LISTED RECORDS ->
▼▼▼

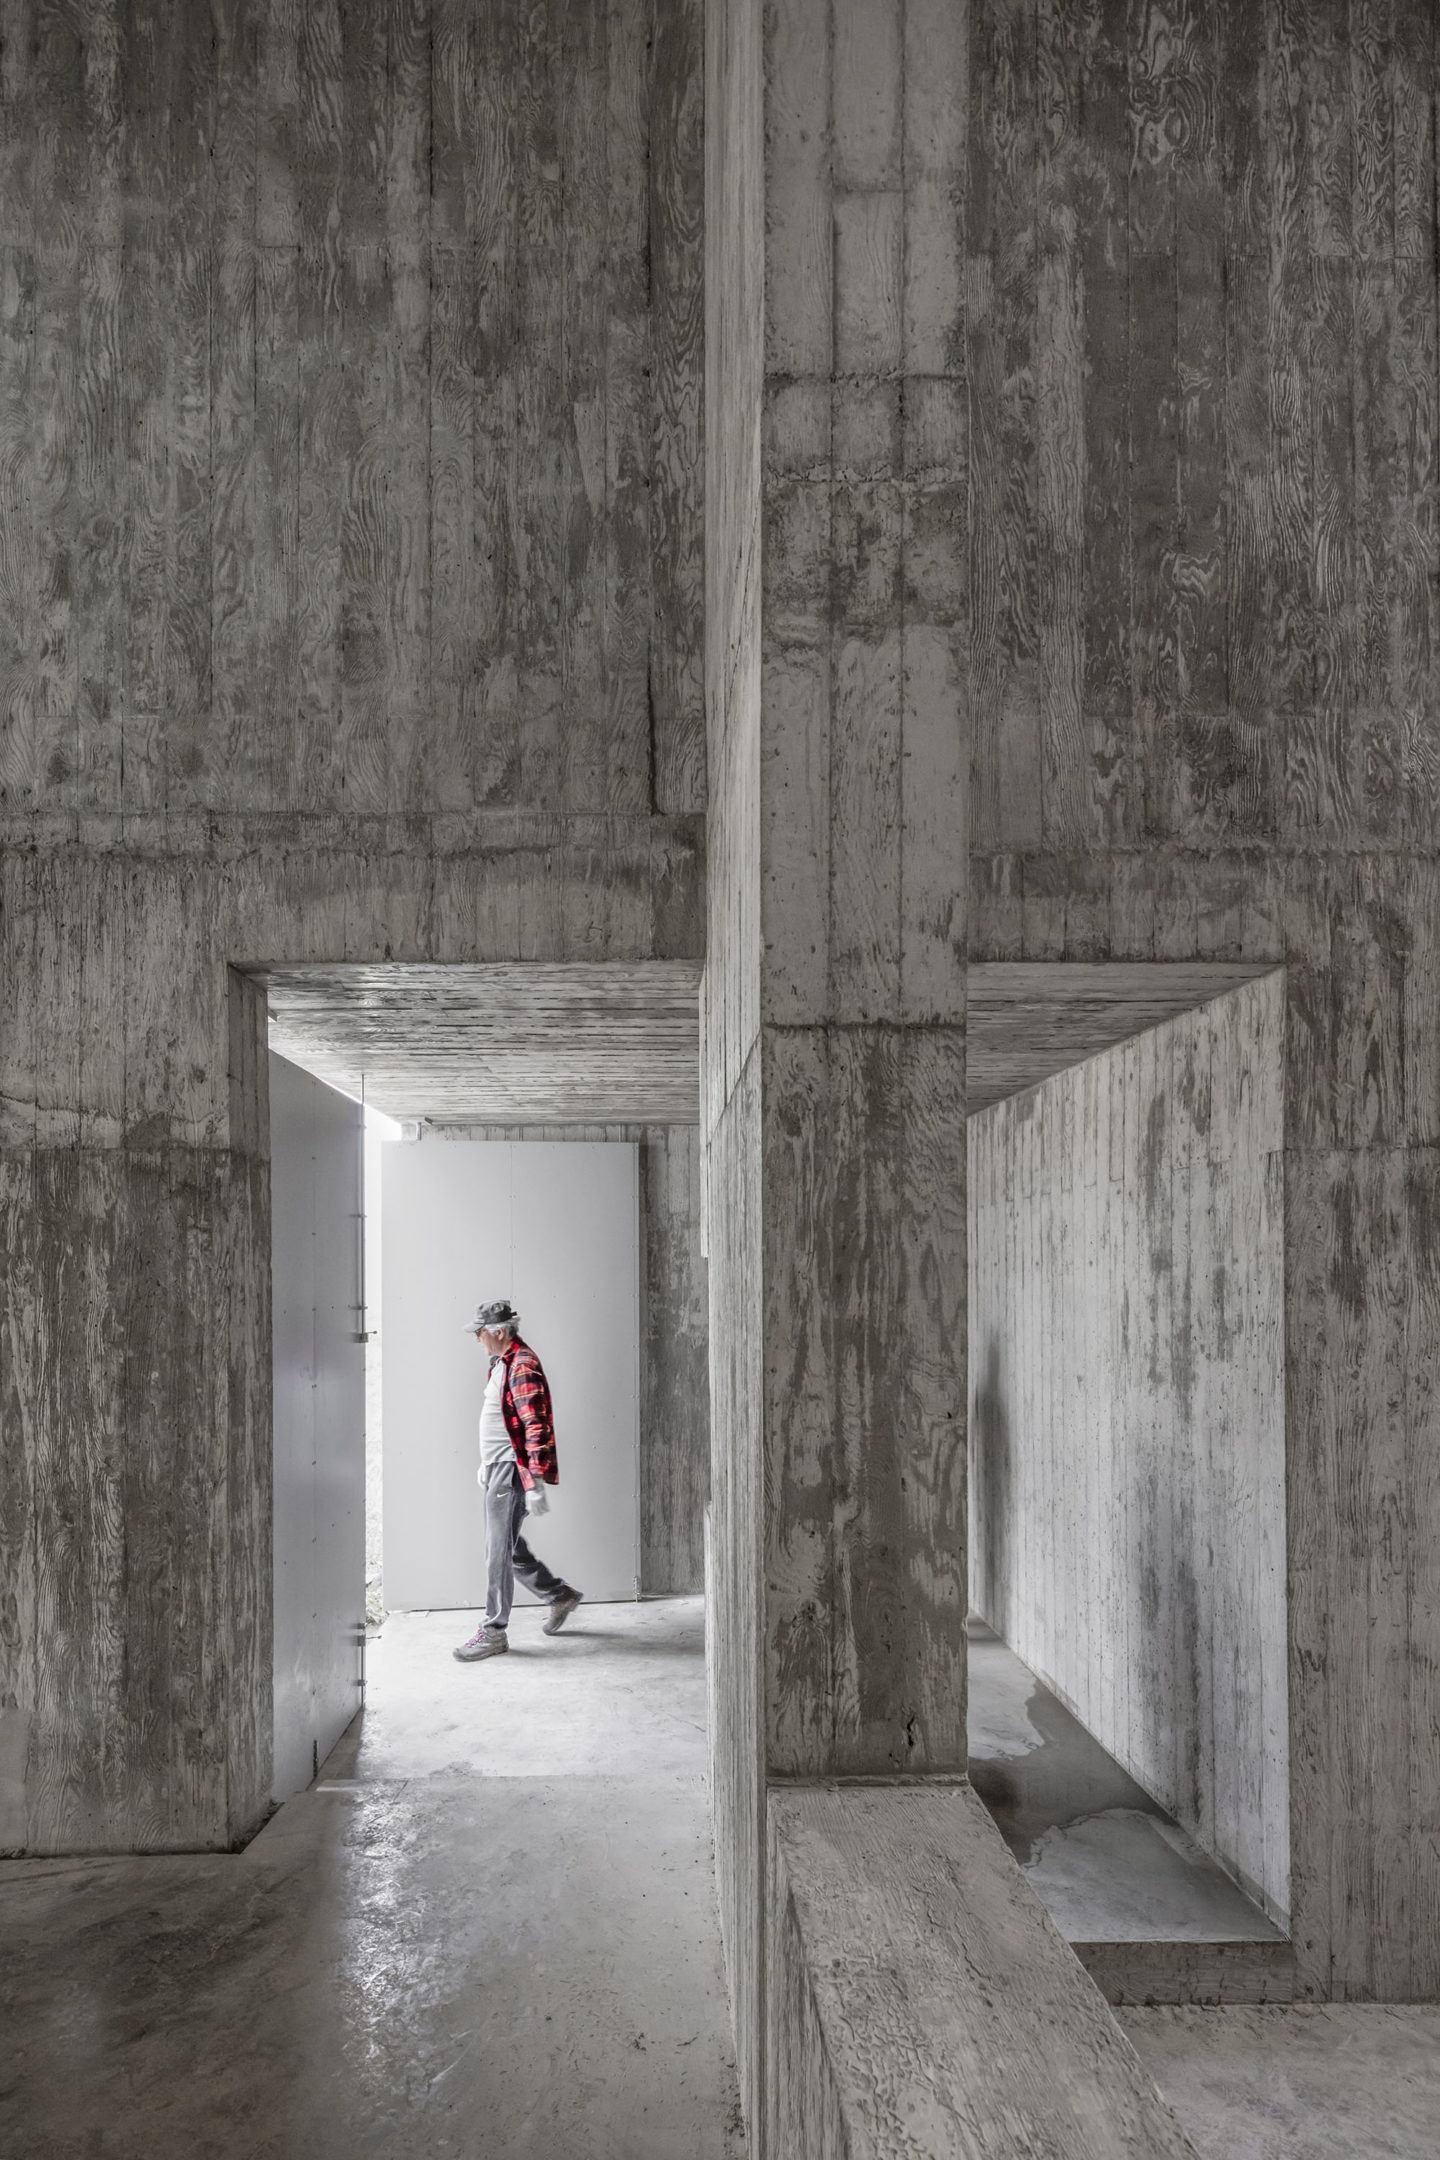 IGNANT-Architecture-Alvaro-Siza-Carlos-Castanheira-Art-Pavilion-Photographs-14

▲▲▲
▼▼▼

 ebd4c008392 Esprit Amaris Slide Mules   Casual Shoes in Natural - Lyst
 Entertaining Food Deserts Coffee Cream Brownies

▲▲▲
▼▼▼

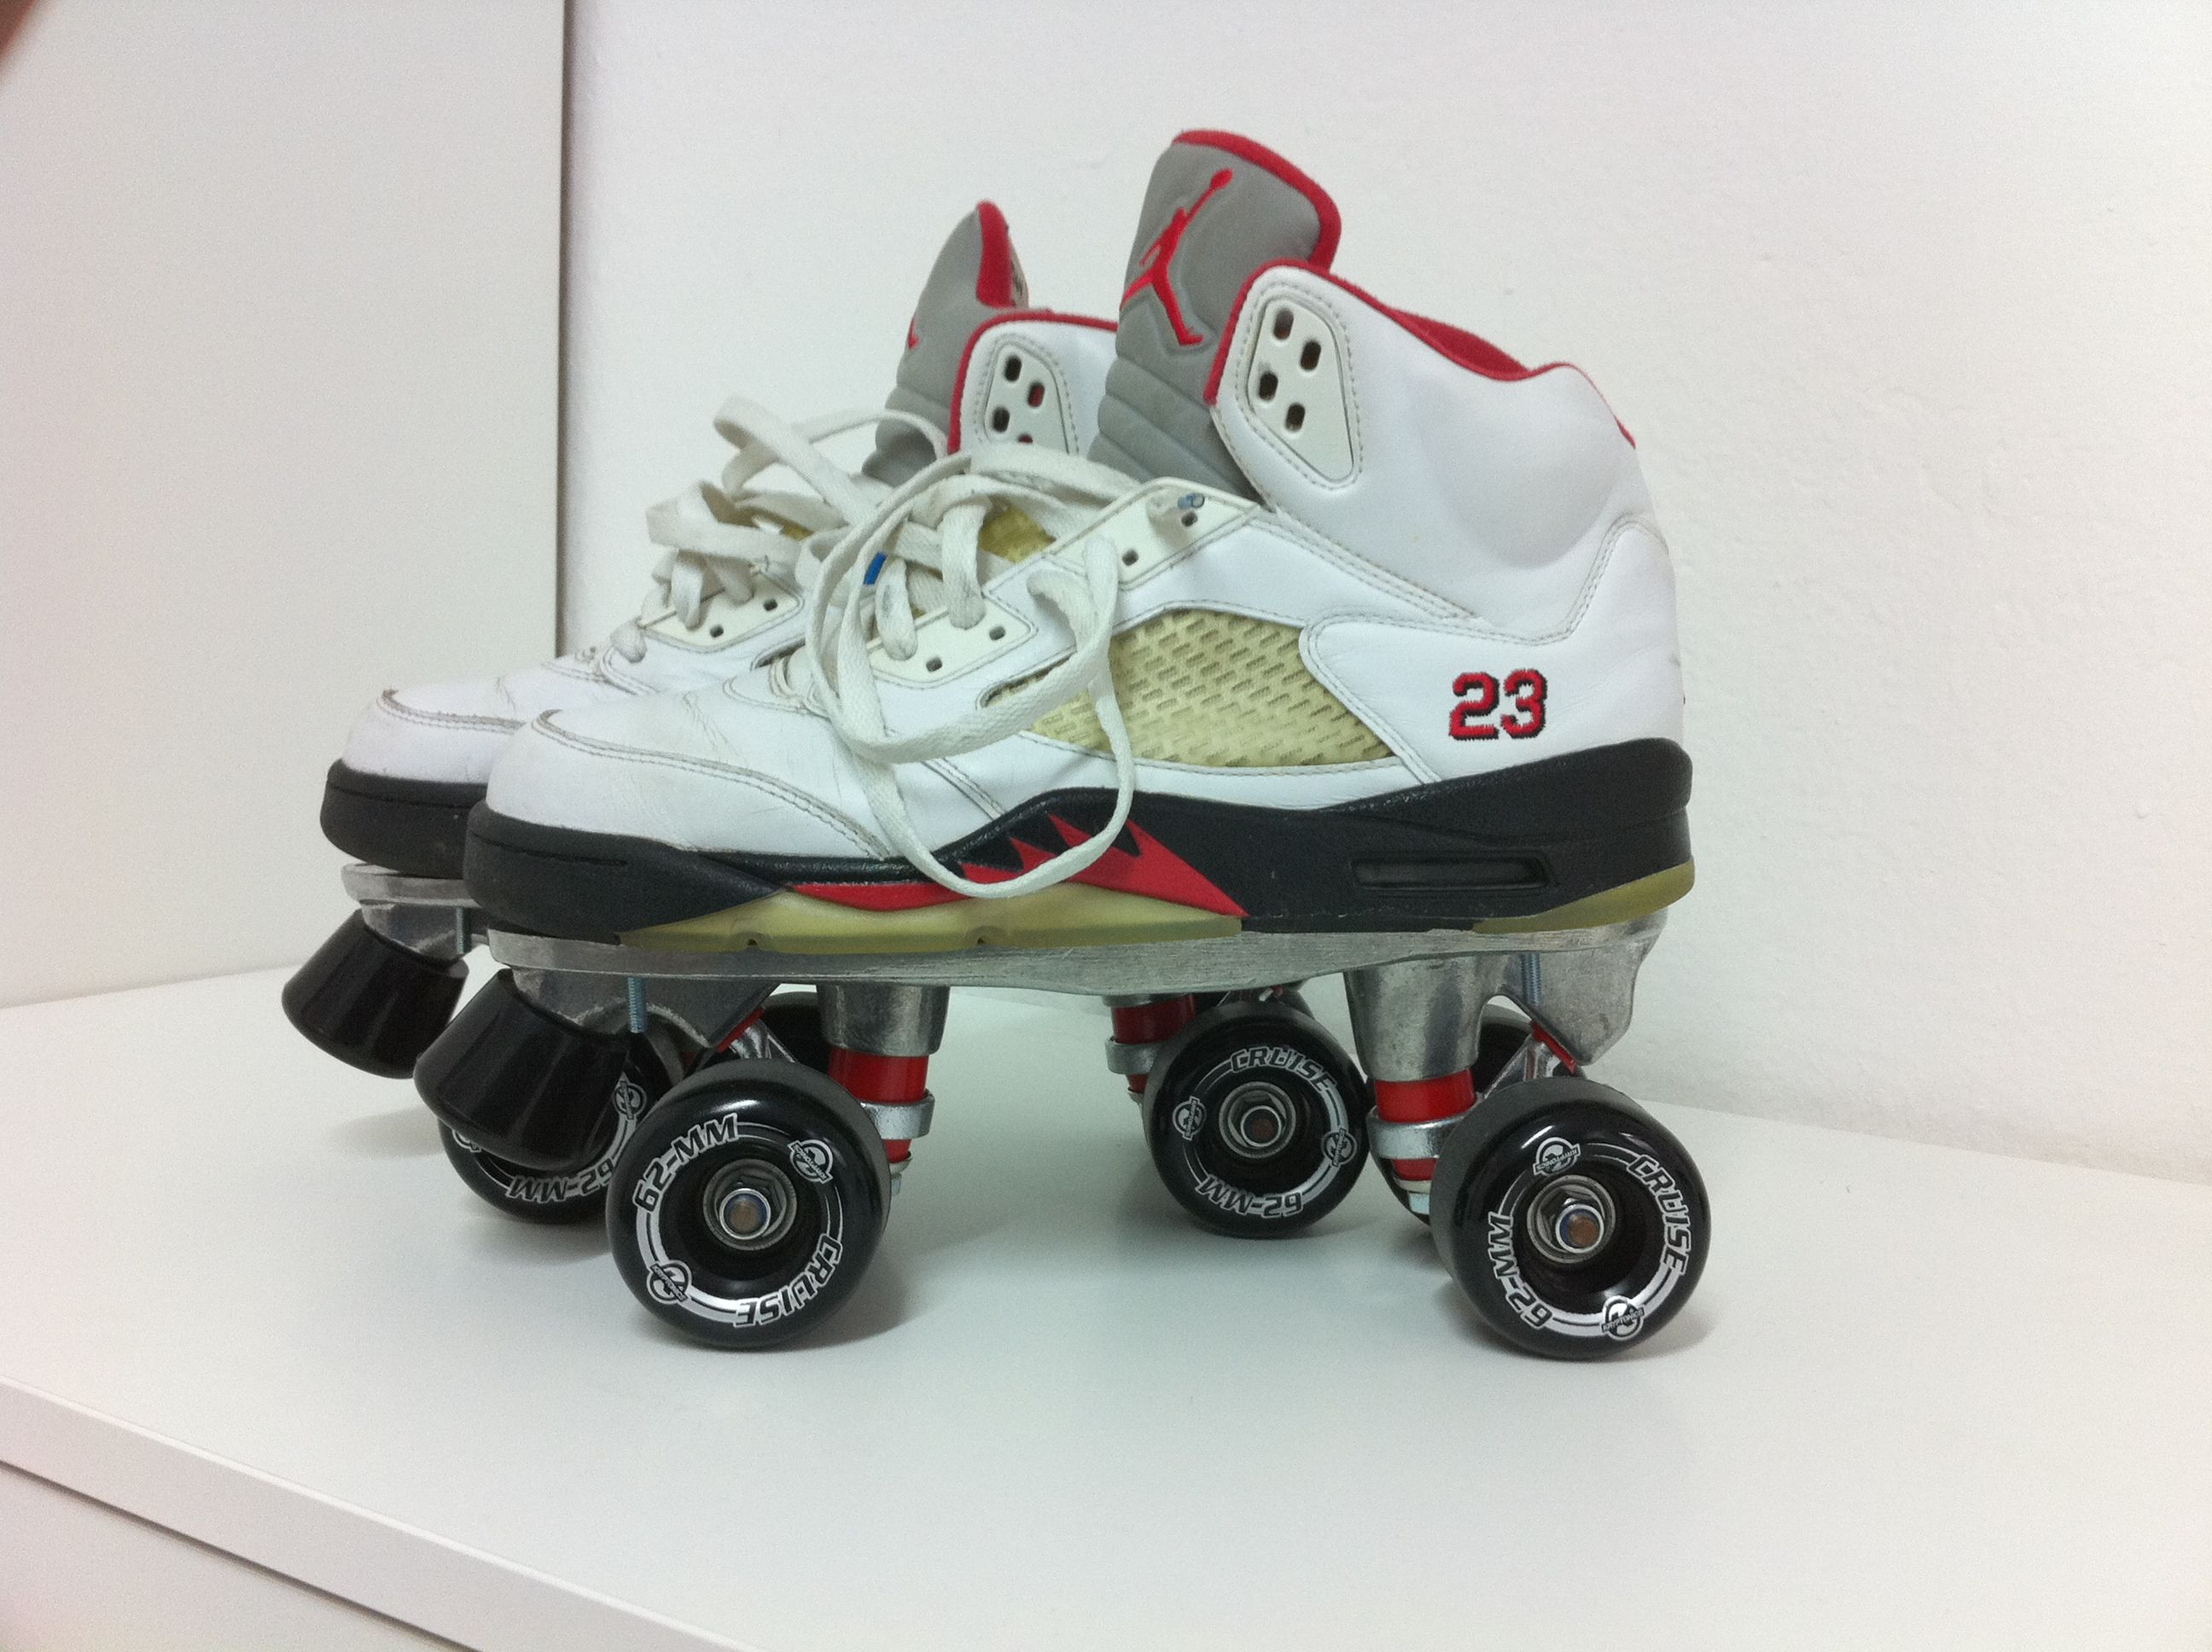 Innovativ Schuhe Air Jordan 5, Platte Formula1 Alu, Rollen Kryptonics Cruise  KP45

▲▲▲

An exact, complete copy of the lines above from the one with "ebd4c008392 Esprit Amaris" through the one with "Entertaining Food Deserts" is the whole answer.

OUTPUT OF THE TASK ->
 ebd4c008392 Esprit Amaris Slide Mules   Casual Shoes in Natural - Lyst
 Entertaining Food Deserts Coffee Cream Brownies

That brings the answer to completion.